QuantifiedConstraints don't kick in when used in TypeApplications

Consider the following program:

{-# LANGUAGE ConstraintKinds #-}
{-# LANGUAGE ImpredicativeTypes #-}
{-# LANGUAGE InstanceSigs #-}
{-# LANGUAGE KindSignatures #-}
{-# LANGUAGE GeneralizedNewtypeDeriving #-}
{-# LANGUAGE QuantifiedConstraints #-}
{-# LANGUAGE RankNTypes #-}
{-# LANGUAGE ScopedTypeVariables #-}
{-# LANGUAGE TypeApplications #-}
module Bug where

import Data.Coerce
import Data.Kind

type Representational1 m = (forall a b. Coercible a b => Coercible (m a) (m b) :: Constraint)

class Representational1 f => Functor' f where
  fmap' :: (a -> b) -> f a -> f b

class Functor' f => Applicative' f where
  pure'  :: a -> f a
  (<*>@) :: f (a -> b) -> f a -> f b

class Functor' t => Traversable' t where
  traverse' :: Applicative' f => (a -> f b) -> t a -> f (t b)

-- Typechecks
newtype T1 m a = MkT1 (m a) deriving Functor'
instance Traversable' m => Traversable' (T1 m) where
  traverse' :: forall f a b. (Applicative' f) => (a -> f b) -> T1 m a -> f (T1 m b)
  traverse' = coerce @((a -> f b) ->    m a -> f    (m b))
                     @((a -> f b) -> T1 m a -> f (T1 m b))
                     traverse'

-- Doesn't typecheck
newtype T2 m a = MkT2 (m a) deriving Functor'
instance Traversable' m => Traversable' (T2 m) where
  traverse' = coerce @(forall f a b. Applicative' f => (a -> f b) ->    m a -> f    (m b))
                     @(forall f a b. Applicative' f => (a -> f b) -> T2 m a -> f (T2 m b))
                     traverse'

This defines a variant of Functor that has forall a b. Coercible a b. Coercible (m a) (m b) as a superclass, and also defines versions of Applicative and Traversable that use this Functor variant. This is towards the ultimate goal of defining Traversable' à la GeneralizedNewtypeDeriving.

This attempt (using InstanceSigs) typechecks:

newtype T1 m a = MkT1 (m a) deriving Functor'
instance Traversable' m => Traversable' (T1 m) where
  traverse' :: forall f a b. (Applicative' f) => (a -> f b) -> T1 m a -> f (T1 m b)
  traverse' = coerce @((a -> f b) ->    m a -> f    (m b))
                     @((a -> f b) -> T1 m a -> f (T1 m b))
                     traverse'

However, this version (which is closer to what GeneralizedNewtypeDeriving would actually create) does //not// typecheck:

newtype T2 m a = MkT2 (m a) deriving Functor'
instance Traversable' m => Traversable' (T2 m) where
  traverse' = coerce @(forall f a b.
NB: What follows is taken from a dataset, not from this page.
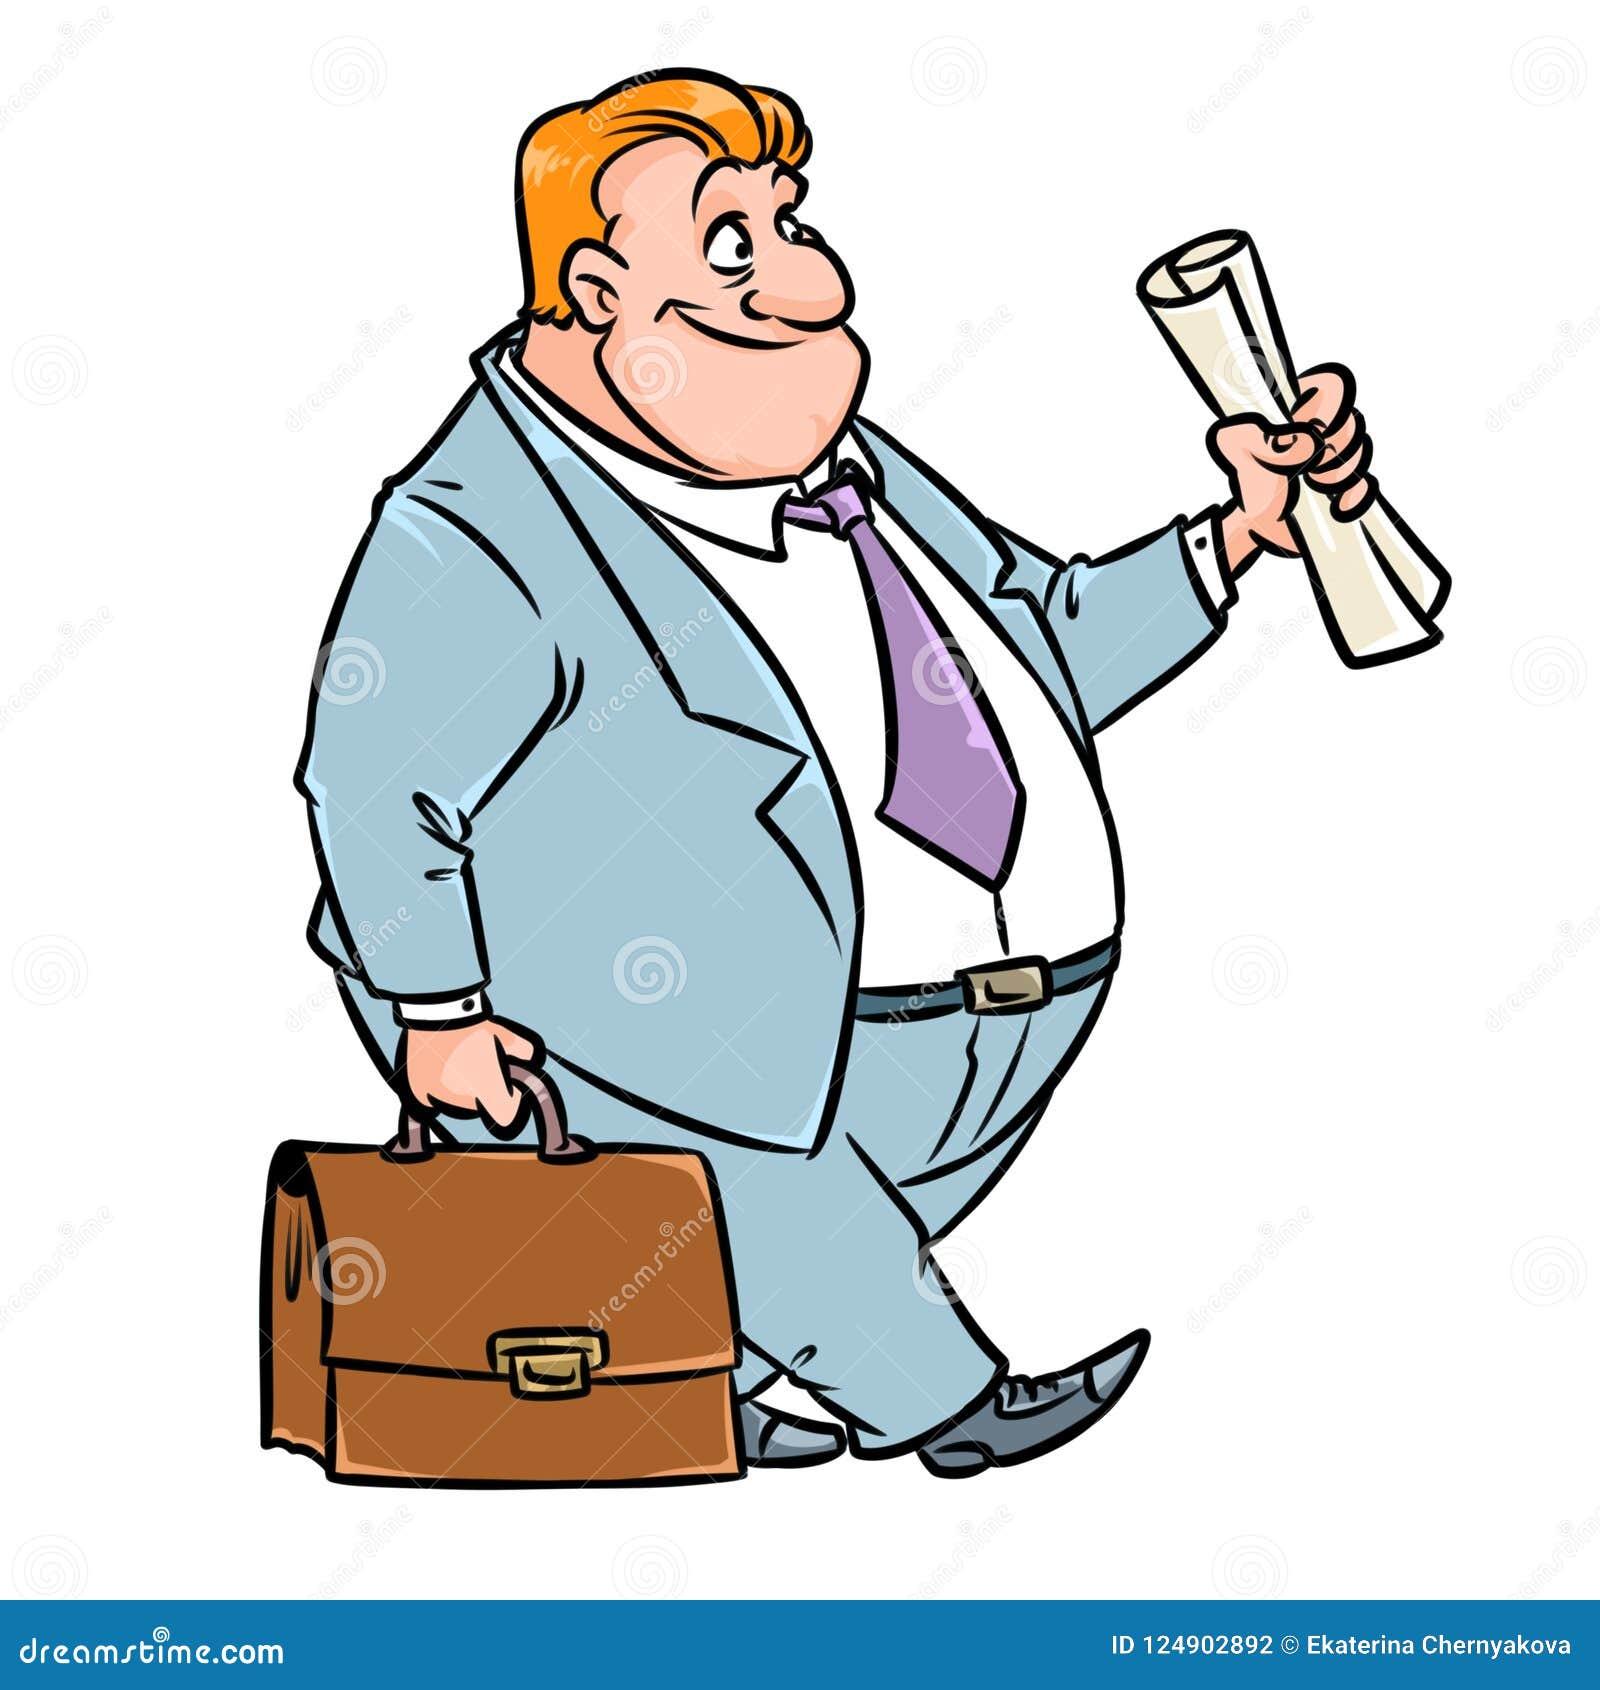 Κινούμενα σχέδια κοστουμιών χαρτοφυλακίων επιχειρησιακών κοστουμιών επιχειρηματιών
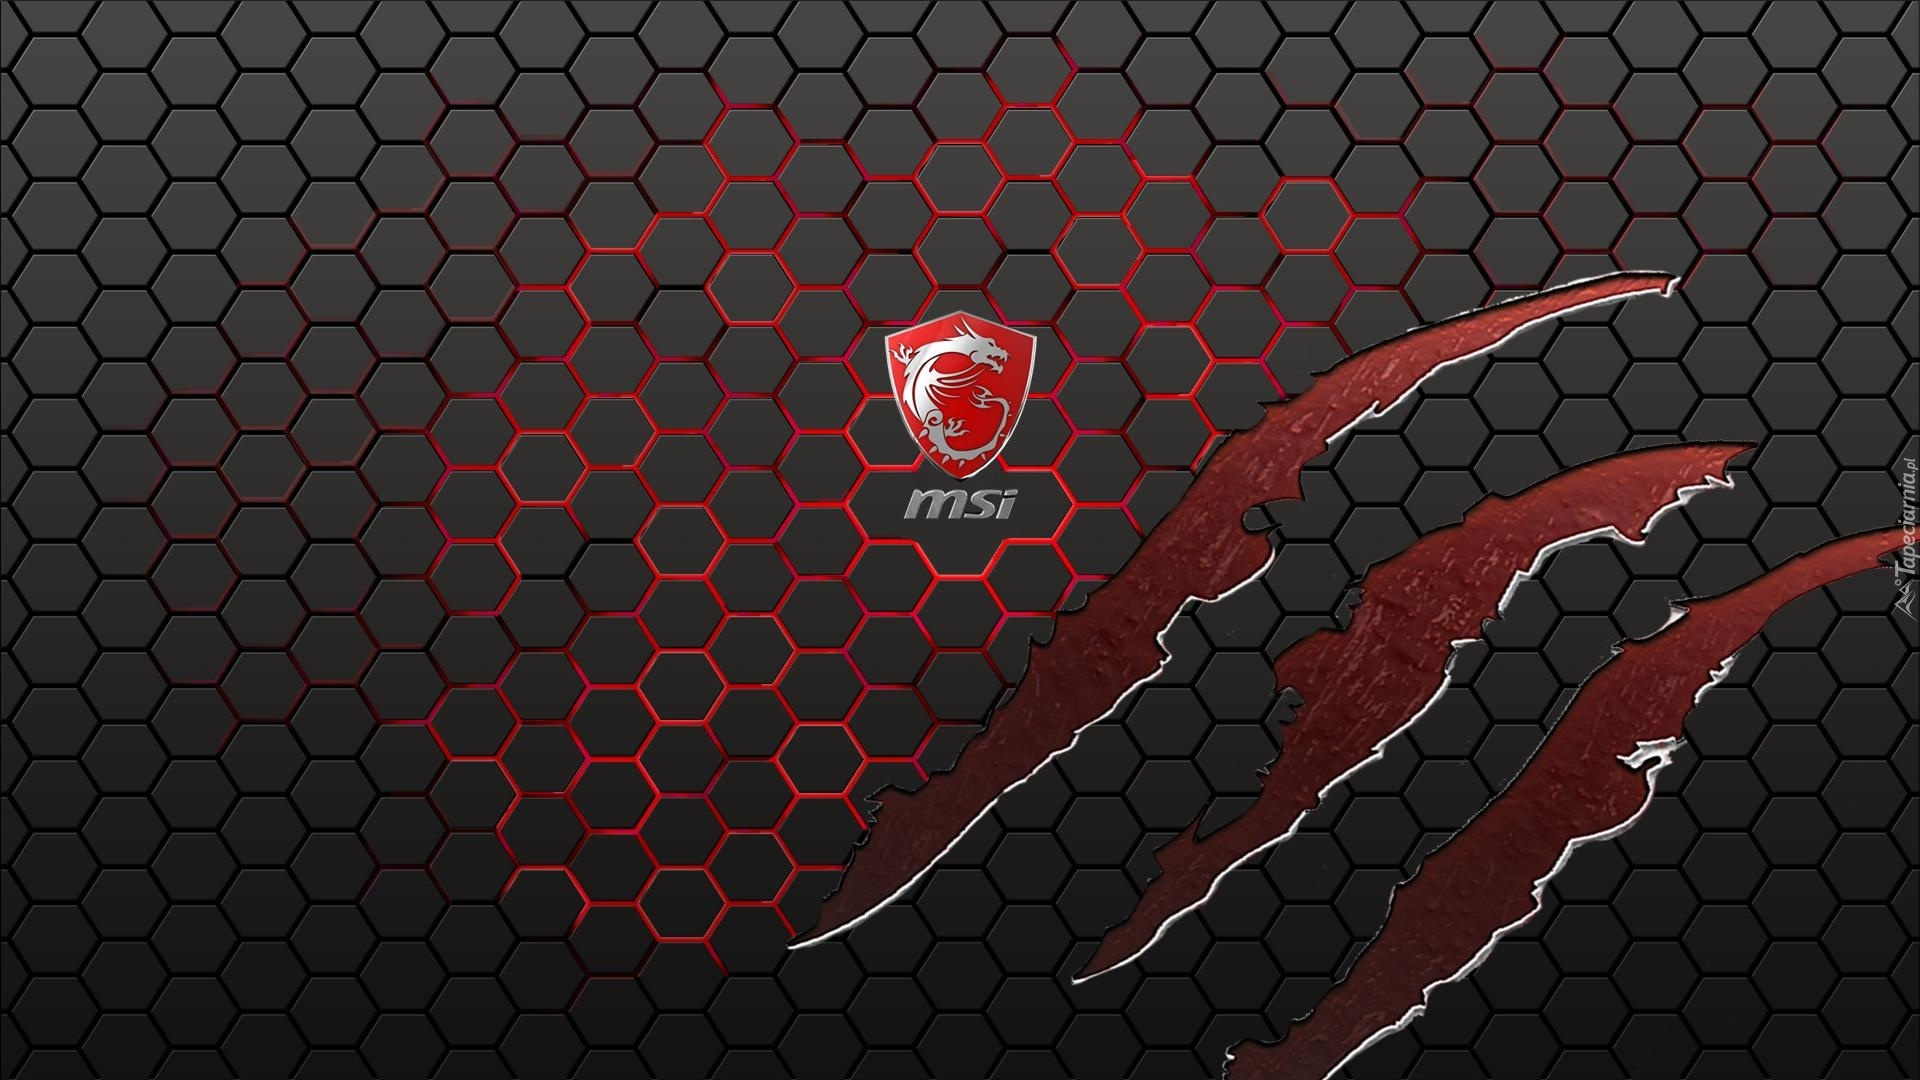 10 New Msi Gaming Series Wallpaper Full Hd 1920 1080 For: MSI

Applicative' f => (a -> f b) ->    m a -> f    (m b))
                     @(forall f a b. Applicative' f => (a -> f b) -> T2 m a -> f (T2 m b))
                     traverse'
$ ghc-cq/inplace/bin/ghc-stage2 --interactive Bug.hs
GHCi, version 8.5.20180128: http://www.haskell.org/ghc/  :? for help
Loaded GHCi configuration from /home/rgscott/.ghci
[1 of 1] Compiling Bug              ( Bug.hs, interpreted )

Bug.hs:38:15: error:
    • Couldn't match representation of type ‘f1 (m b1)’
                               with that of ‘f1 (T2 m b1)’
        arising from a use of ‘coerce’
      NB: We cannot know what roles the parameters to ‘f1’ have;
        we must assume that the role is nominal
    • In the expression:
        coerce
          @(forall f a b. Applicative' f => (a -> f b) -> m a -> f (m b))
          @(forall f a b.
            Applicative' f => (a -> f b) -> T2 m a -> f (T2 m b))
          traverse'
      In an equation for ‘traverse'’:
          traverse'
            = coerce
                @(forall f a b. Applicative' f => (a -> f b) -> m a -> f (m b))
                @(forall f a b.
                  Applicative' f => (a -> f b) -> T2 m a -> f (T2 m b))
                traverse'
      In the instance declaration for ‘Traversable' (T2 m)’
    • Relevant bindings include
        traverse' :: (a -> f b) -> T2 m a -> f (T2 m b)
          (bound at Bug.hs:38:3)
   |
38 |   traverse' = coerce @(forall f a b. Applicative' f => (a -> f b) ->    m a -> f    (m b))
   |               ^^^^^^^^^^^^^^^^^^^^^^^^^^^^^^^^^^^^^^^^^^^^^^^^^^^^^^^^^^^^^^^^^^^^^^^^^^^^...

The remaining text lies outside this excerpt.